### Task
There is one span to output from the data below: the lines starting at the line with "Une fille et" and ending at the line with "Villa Olmo in". Output it exactly, ends included, nothing more.

### The data

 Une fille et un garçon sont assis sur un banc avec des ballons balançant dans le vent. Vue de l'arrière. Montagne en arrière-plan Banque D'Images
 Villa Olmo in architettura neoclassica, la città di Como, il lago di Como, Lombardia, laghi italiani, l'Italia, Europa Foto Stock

...

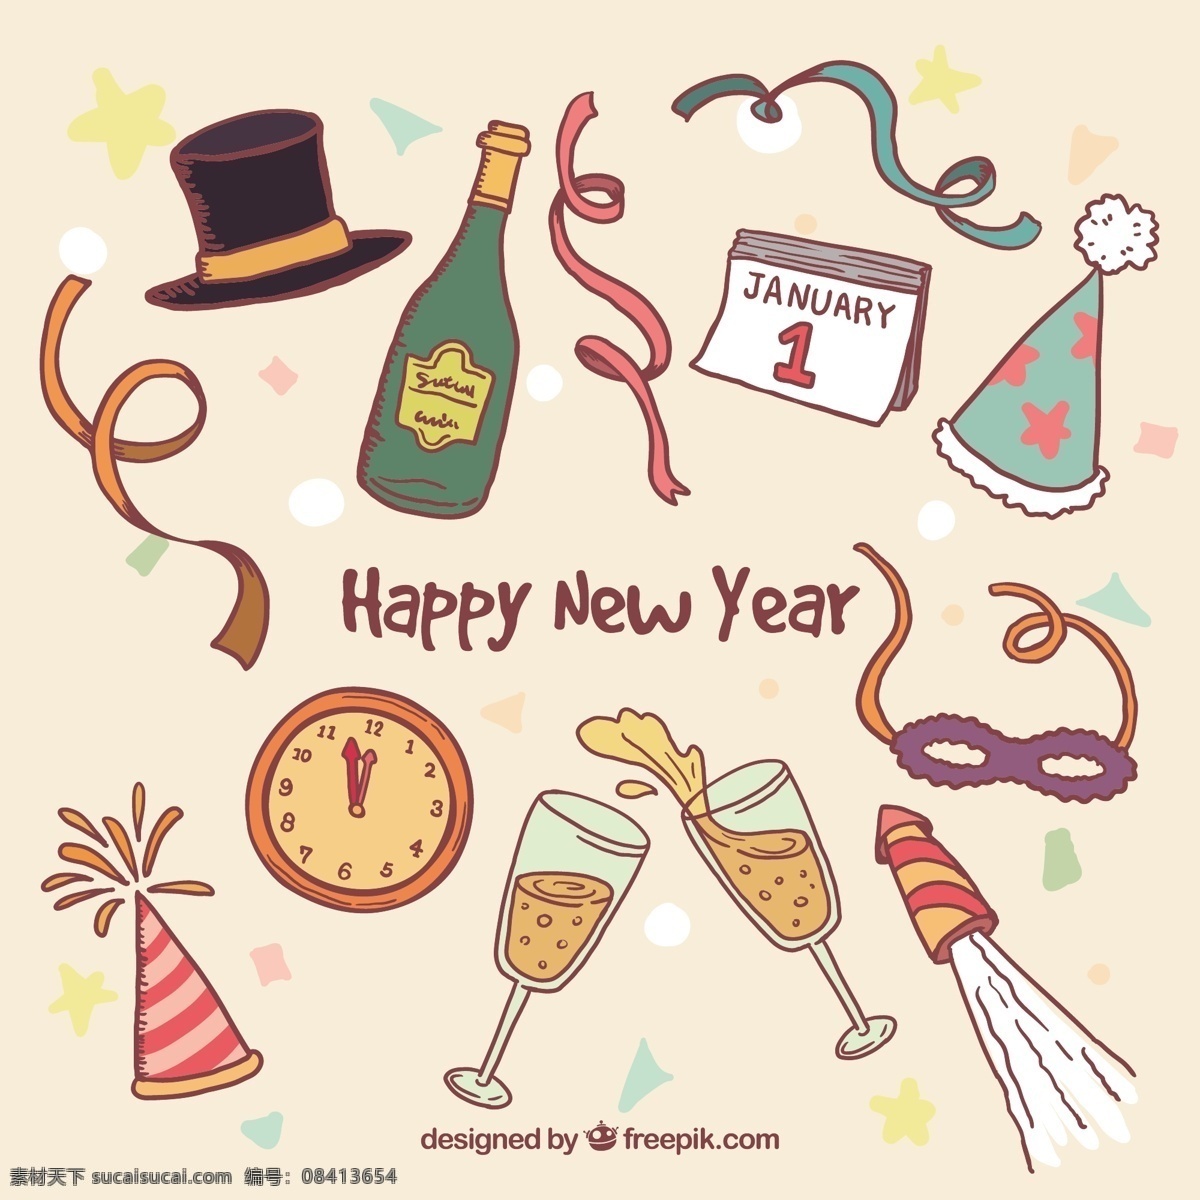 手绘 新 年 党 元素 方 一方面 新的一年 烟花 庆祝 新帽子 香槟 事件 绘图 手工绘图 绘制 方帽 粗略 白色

### Result
 Une fille et un garçon sont assis sur un banc avec des ballons balançant dans le vent. Vue de l'arrière. Montagne en arrière-plan Banque D'Images
 Villa Olmo in architettura neoclassica, la città di Como, il lago di Como, Lombardia, laghi italiani, l'Italia, Europa Foto Stock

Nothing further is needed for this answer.